---------- DATA SHOWN
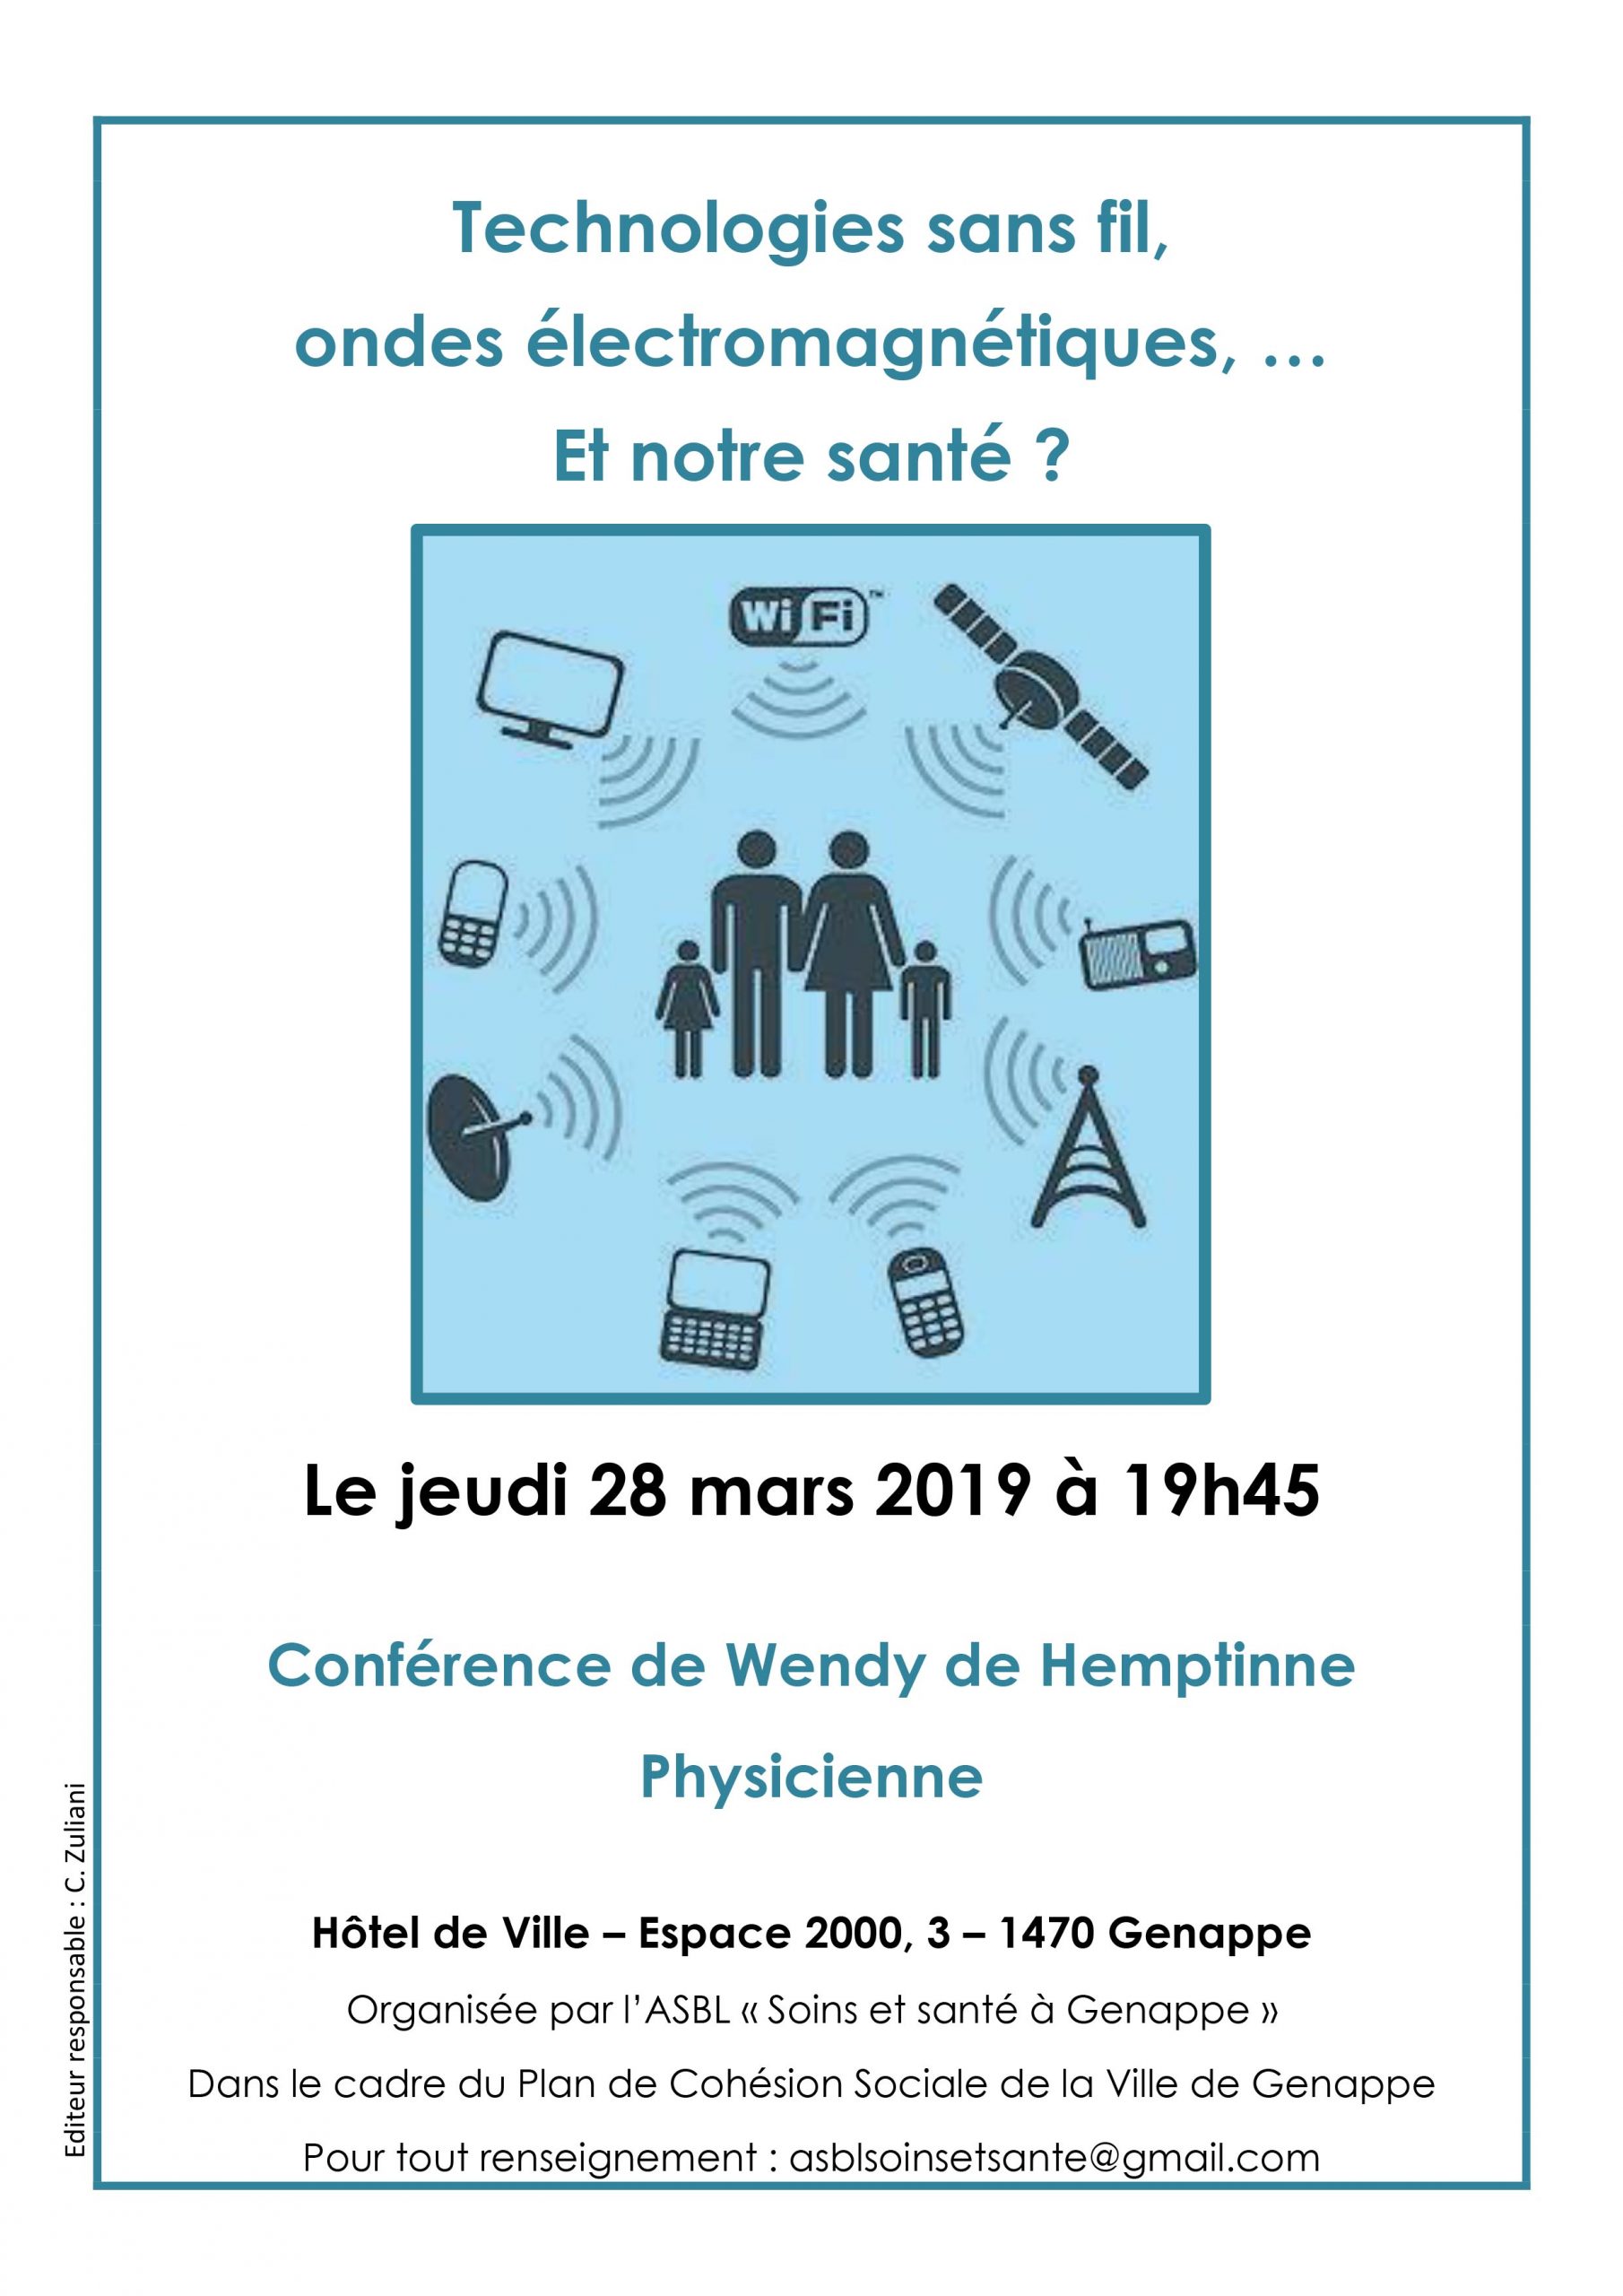 conference-28-mars-2019-technologies-sans-fil-et-notre-sante
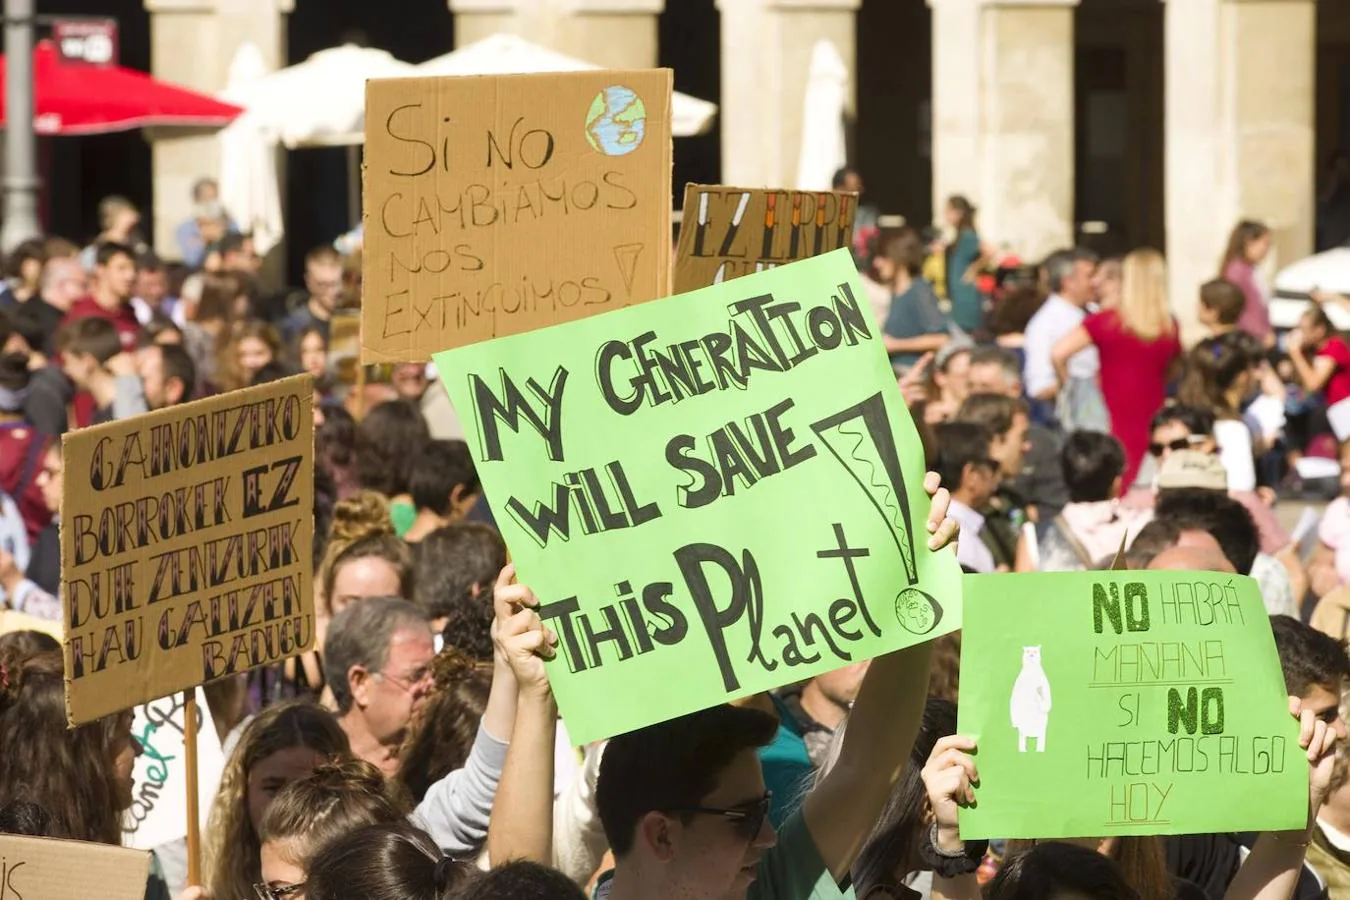 Los asistentes a la concentración de Vitoria por la «crisis climática» sostienen carteles reivindicativos. En uno de ellos se puede leer «My Generation will save this Planet» (mi generación va a salvar este planeta, traducido al español). 
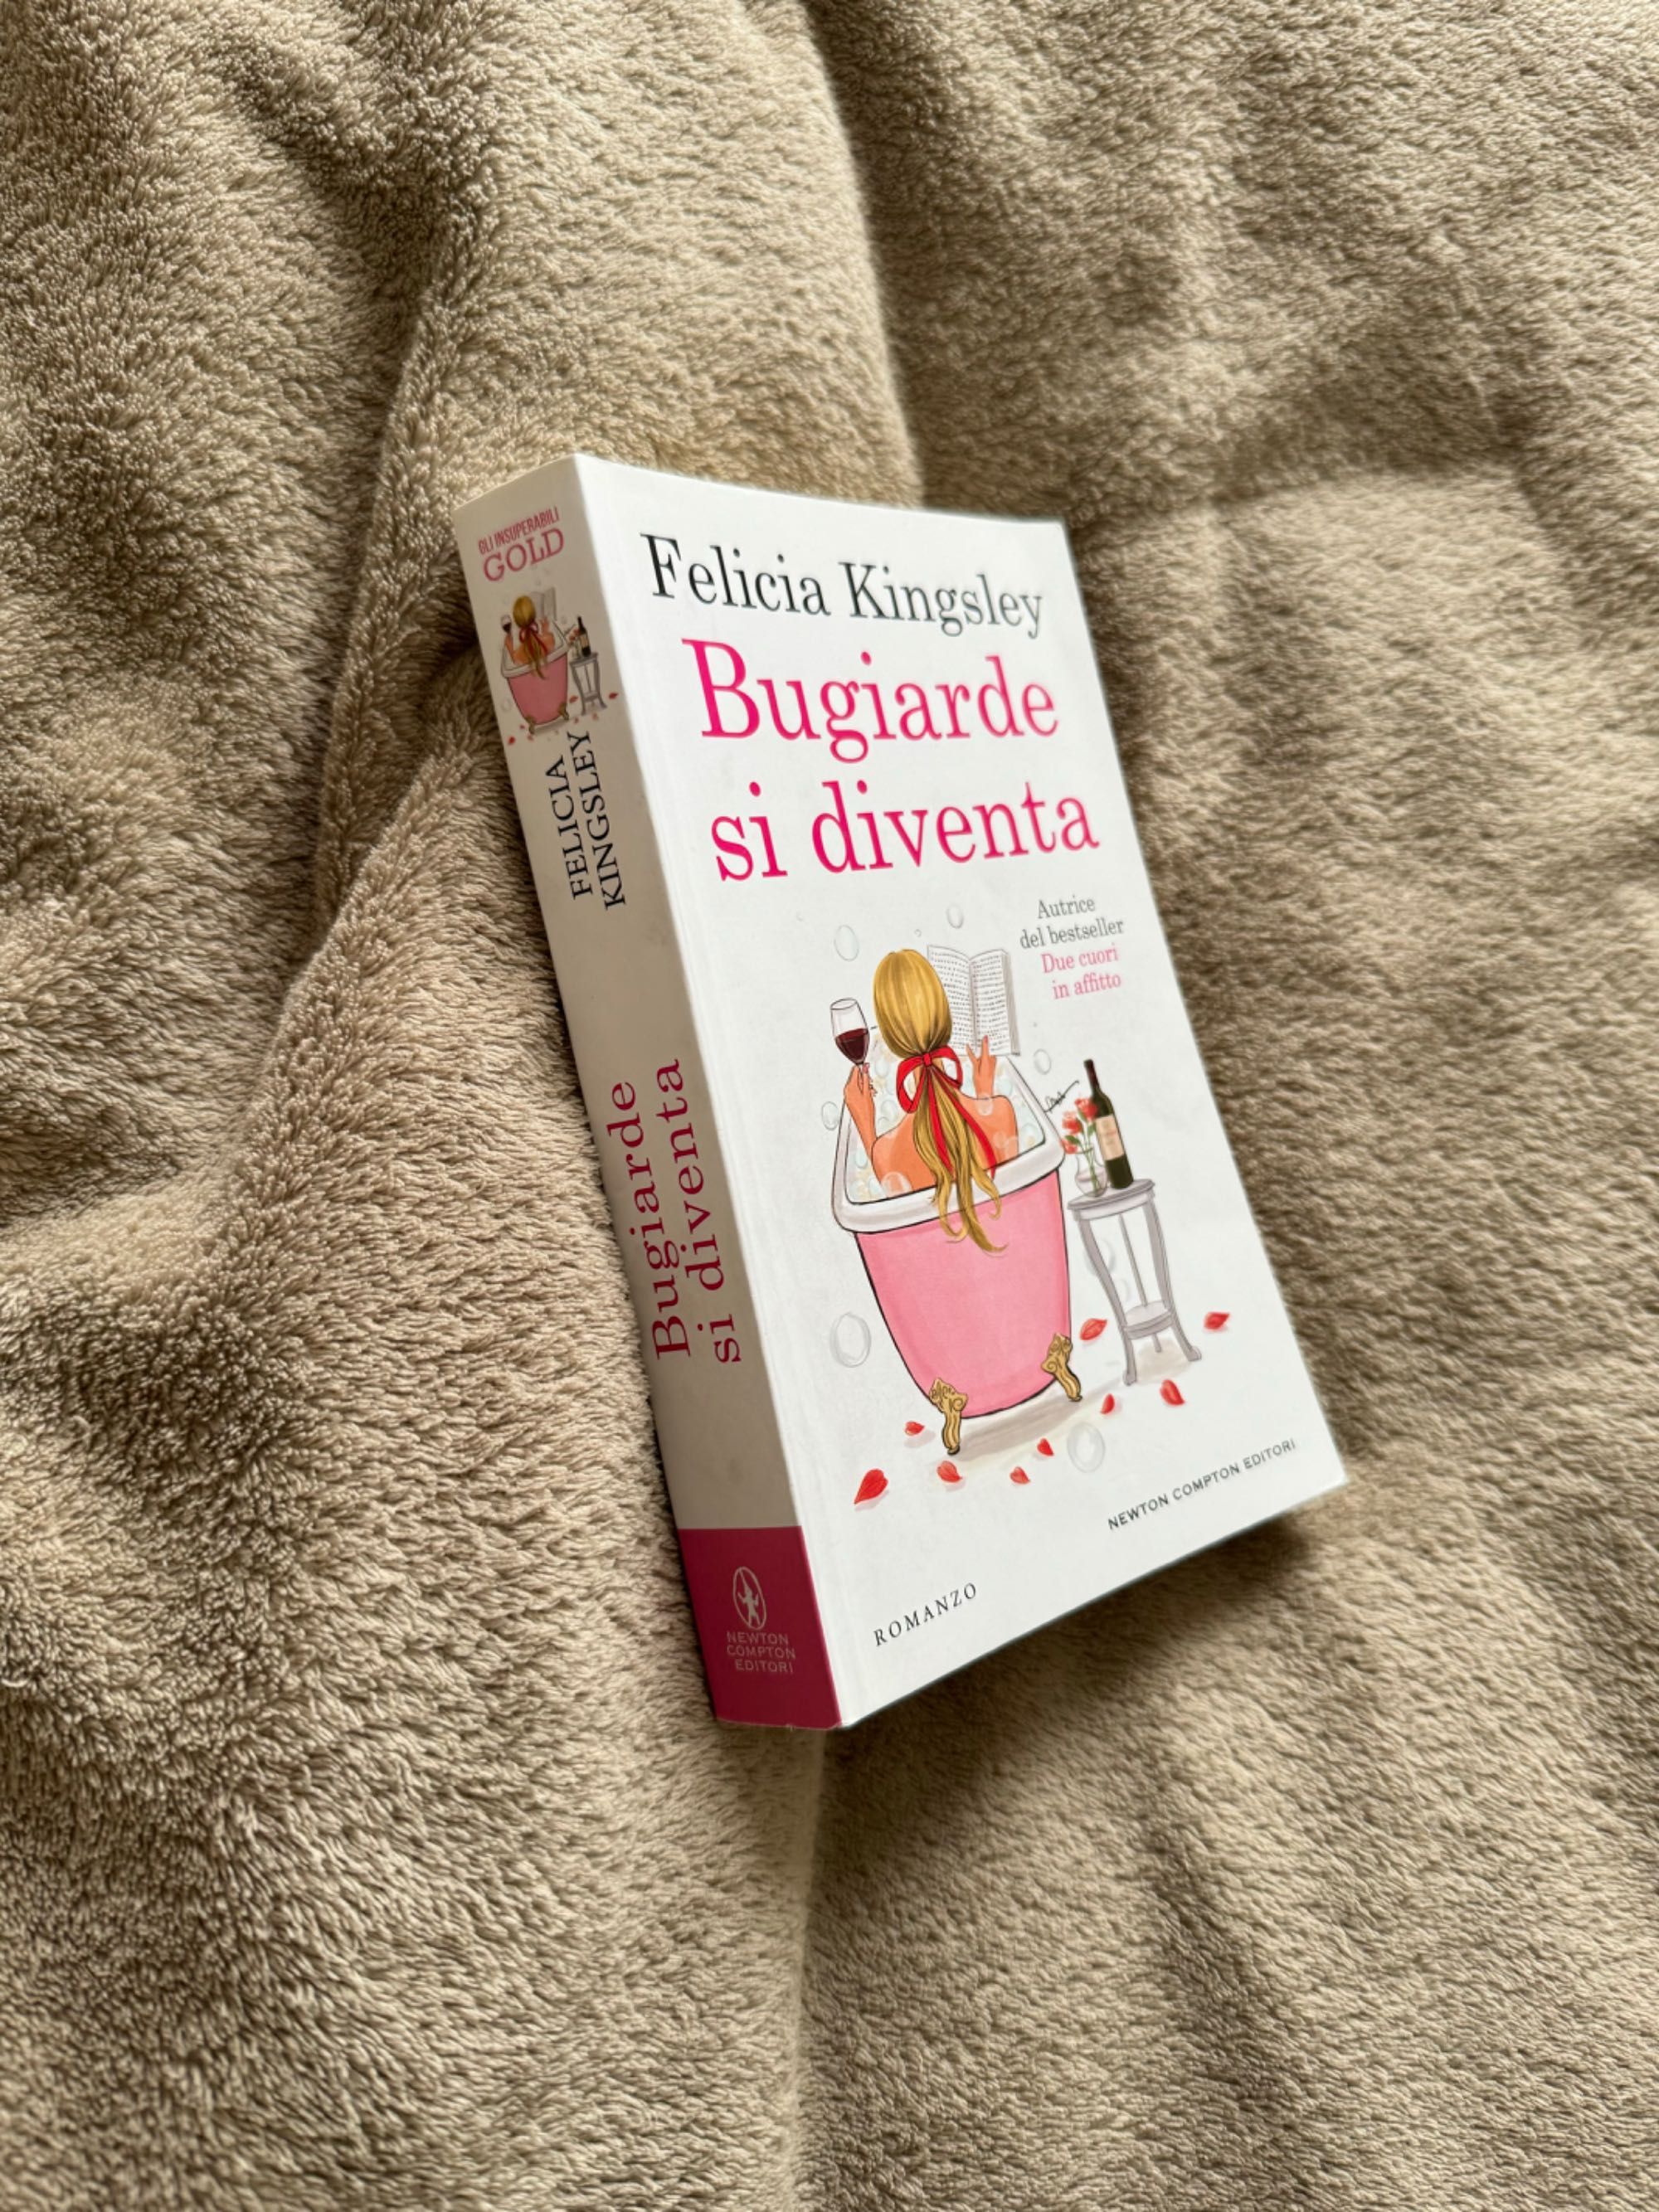 Felicia Kingsley bugiarde si diventa książka w języku włoskim
--------------------
EXERCISE AIM. Every picture stays out; reproduce exactly the lines from the one with "Los asistentes a" through the last line of the data above.

SOLUTION FOR THIS EXERCISE.
 Los asistentes a la concentración de Vitoria por la «crisis climática» sostienen carteles reivindicativos. En uno de ellos se puede leer «My Generation will save this Planet» (mi generación va a salvar este planeta, traducido al español). 
 Felicia Kingsley bugiarde si diventa książka w języku włoskim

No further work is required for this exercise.